--- EXERCISE DATA ---

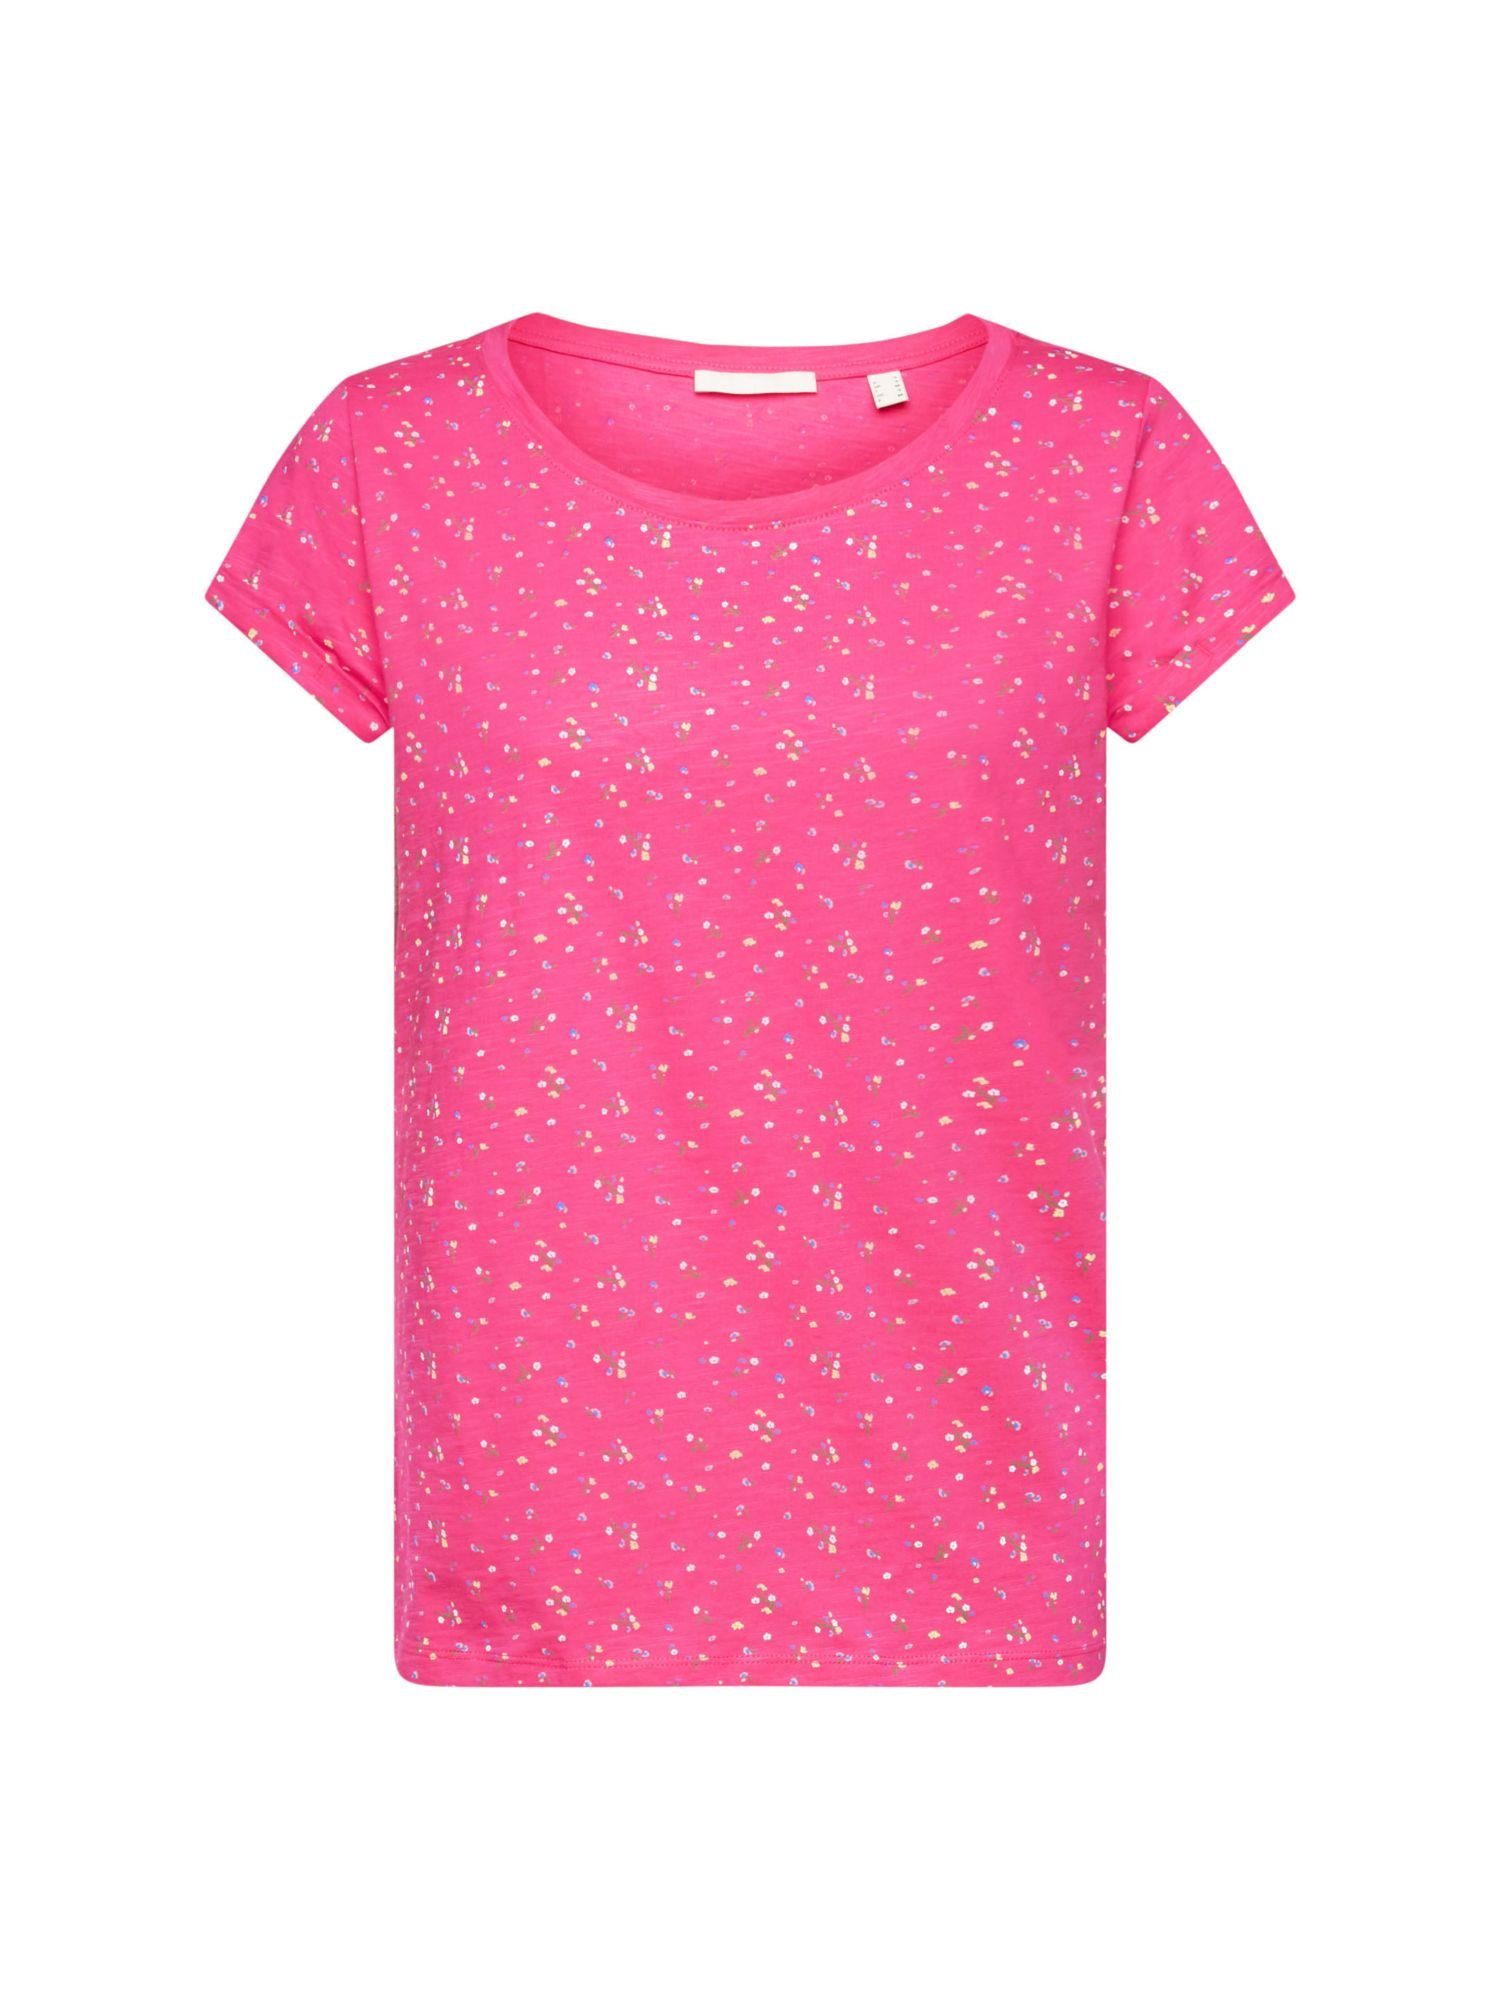 Esprit edc T-Shirt Allover-Muster T-Shirt (1-tlg) FUCHSIA PINK mit by
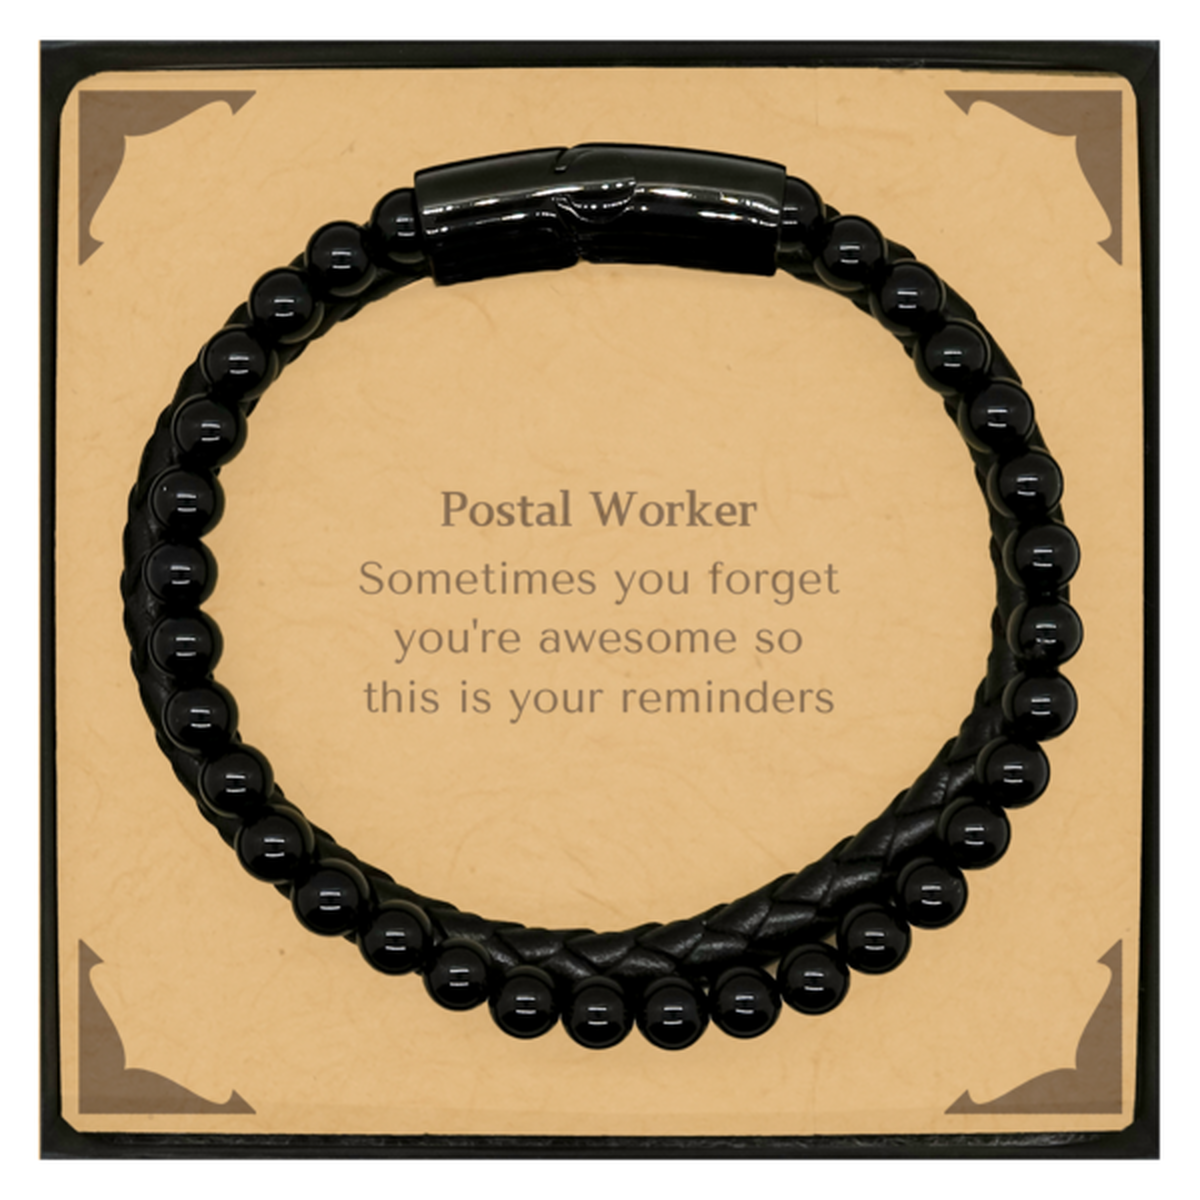 Sentimental Postal Worker Stone Leather Bracelets, Postal Worker Sometimes you forget you're awesome so this is your reminders, Graduation Christmas Birthday Gifts for Postal Worker, Men, Women, Coworkers
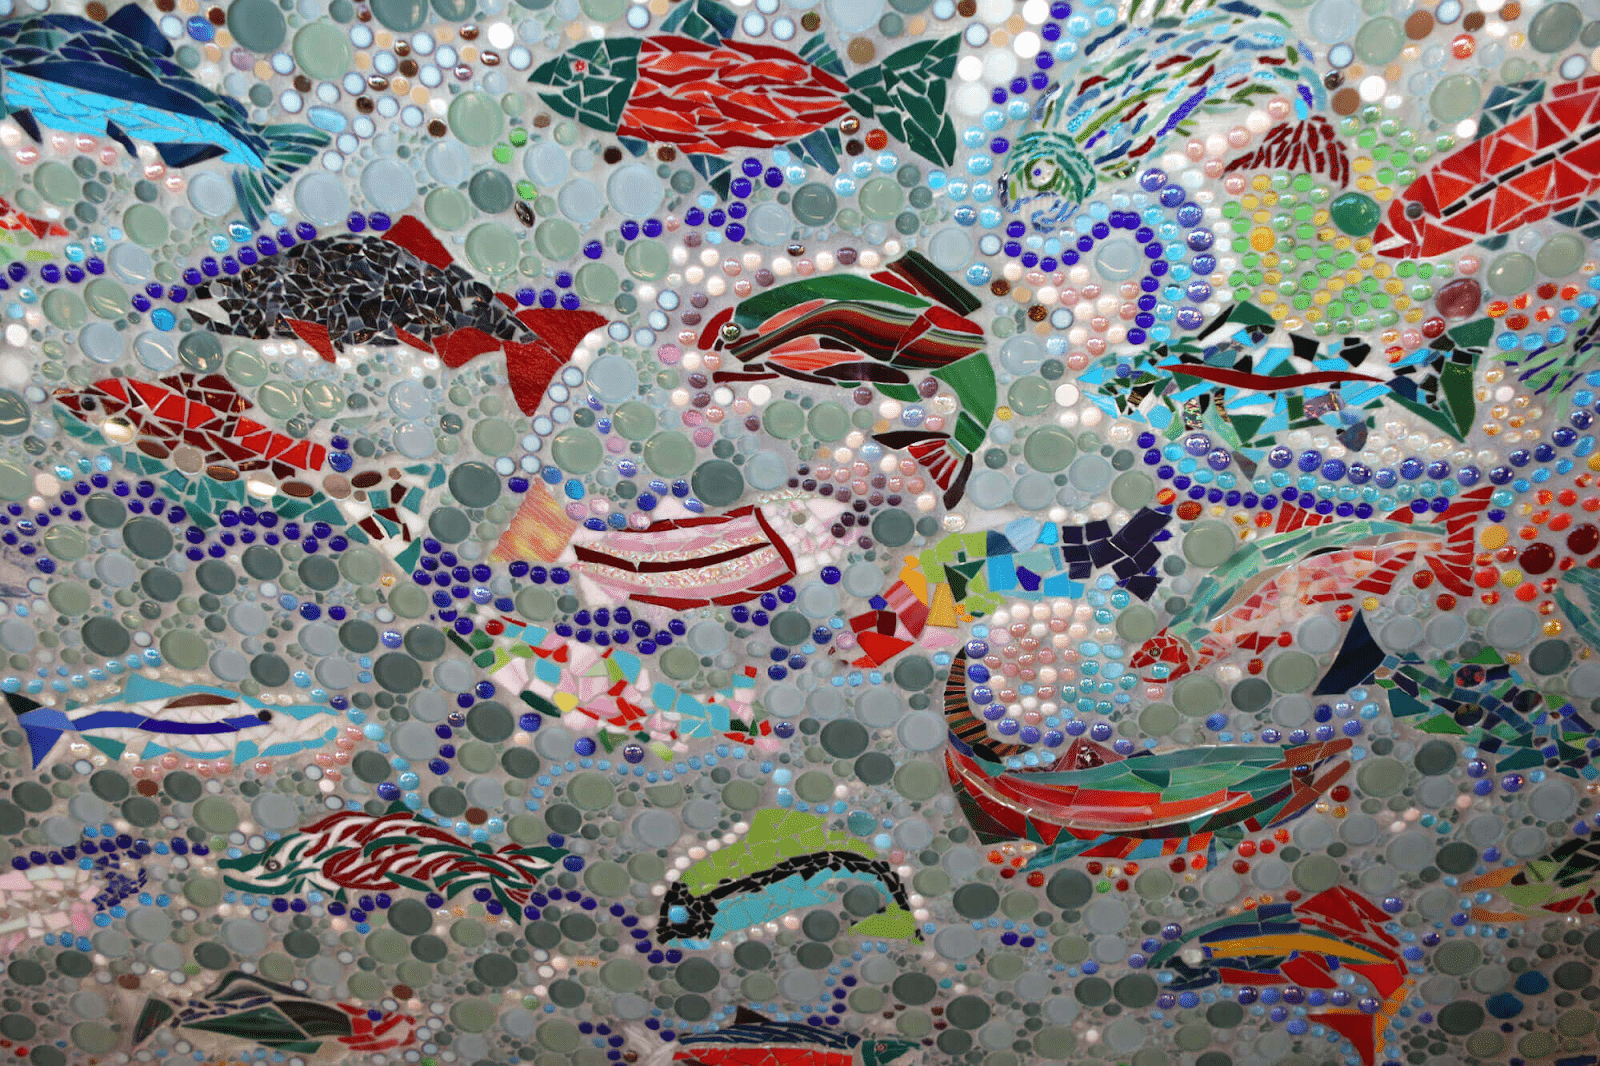 Mosaic tile mural with salmon imagery
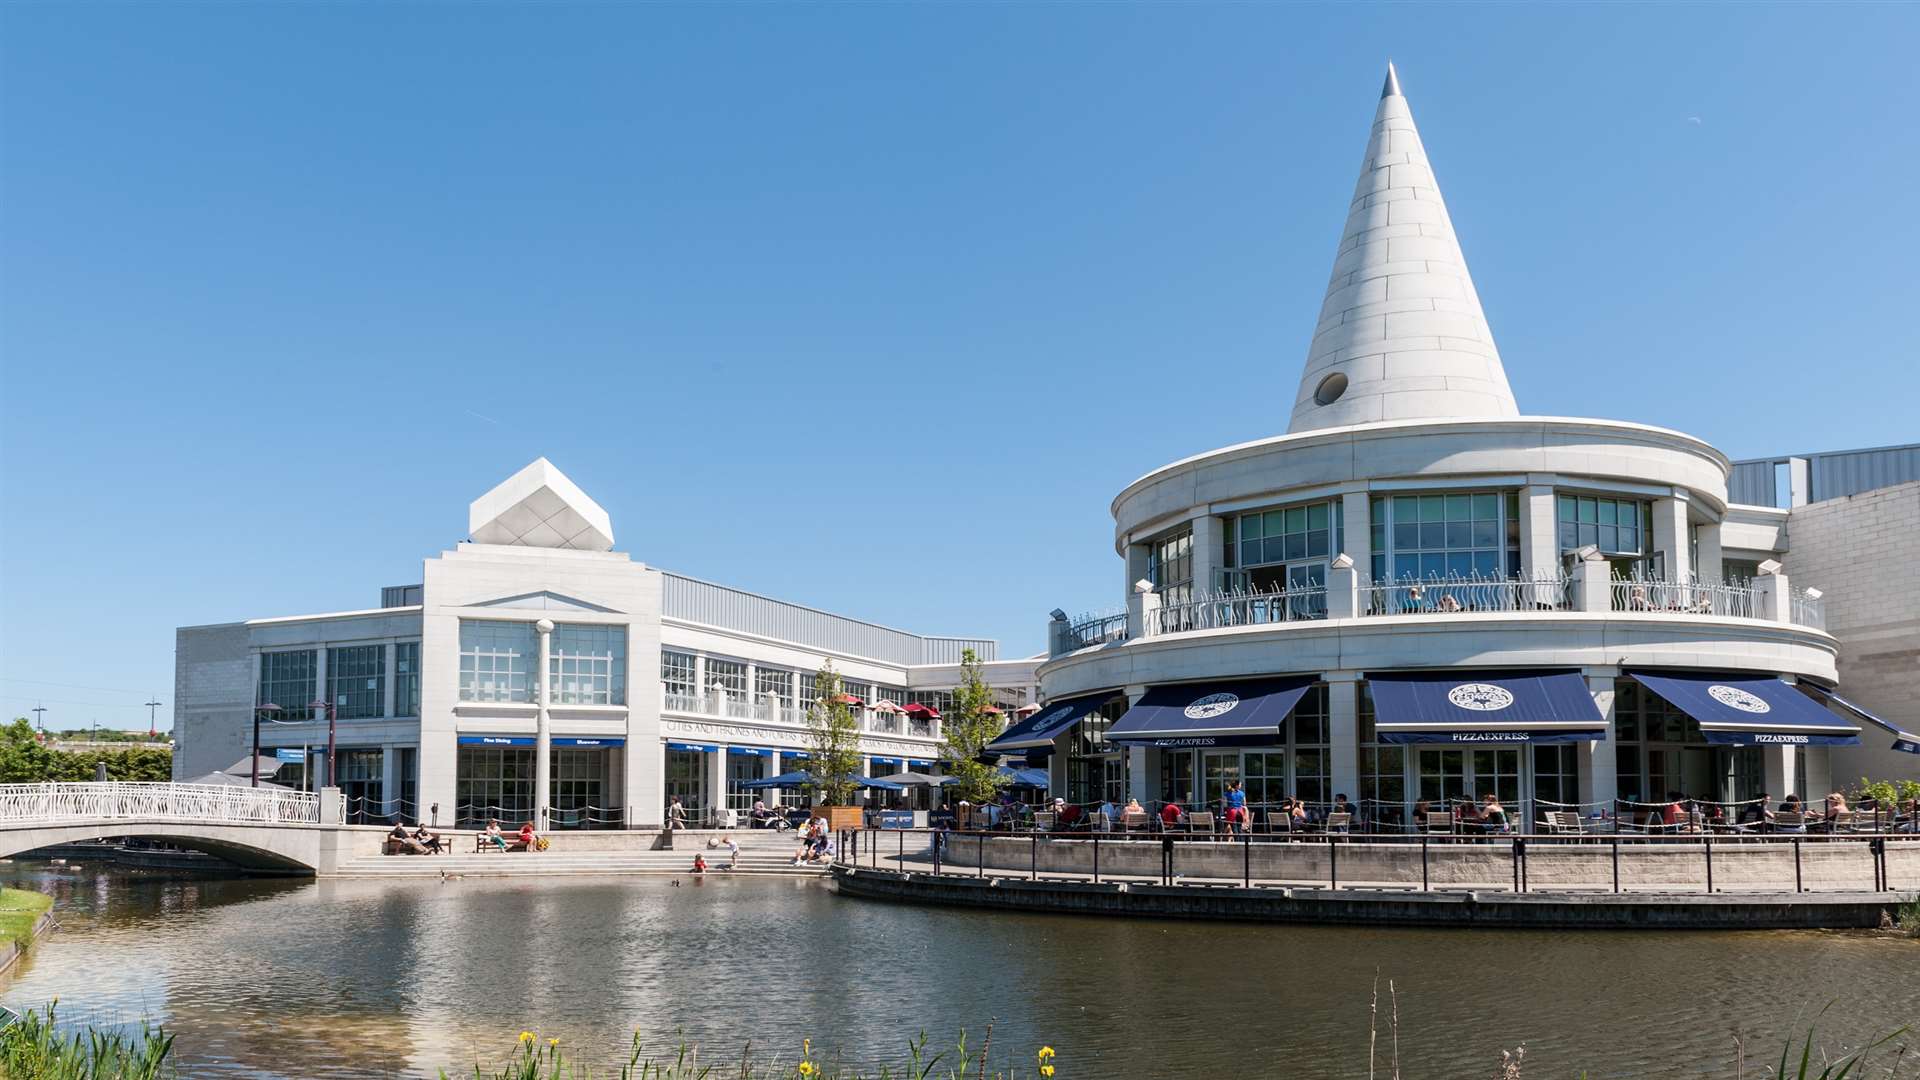 The Bluewater shopping centre

---

● WHAT THIS TASK INVOLVES
The whole listing should be retyped word for word; none of its pictures belong in the copy.

● ANSWER
 Esprit edc T-Shirt Allover-Muster T-Shirt (1-tlg) FUCHSIA PINK mit by
 Sentimental Postal Worker Stone Leather Bracelets, Postal Worker Sometimes you forget you're awesome so this is your reminders, Graduation Christmas Birthday Gifts for Postal Worker, Men, Women, Coworkers
 Mosaic tile mural with salmon imagery
 The Bluewater shopping centre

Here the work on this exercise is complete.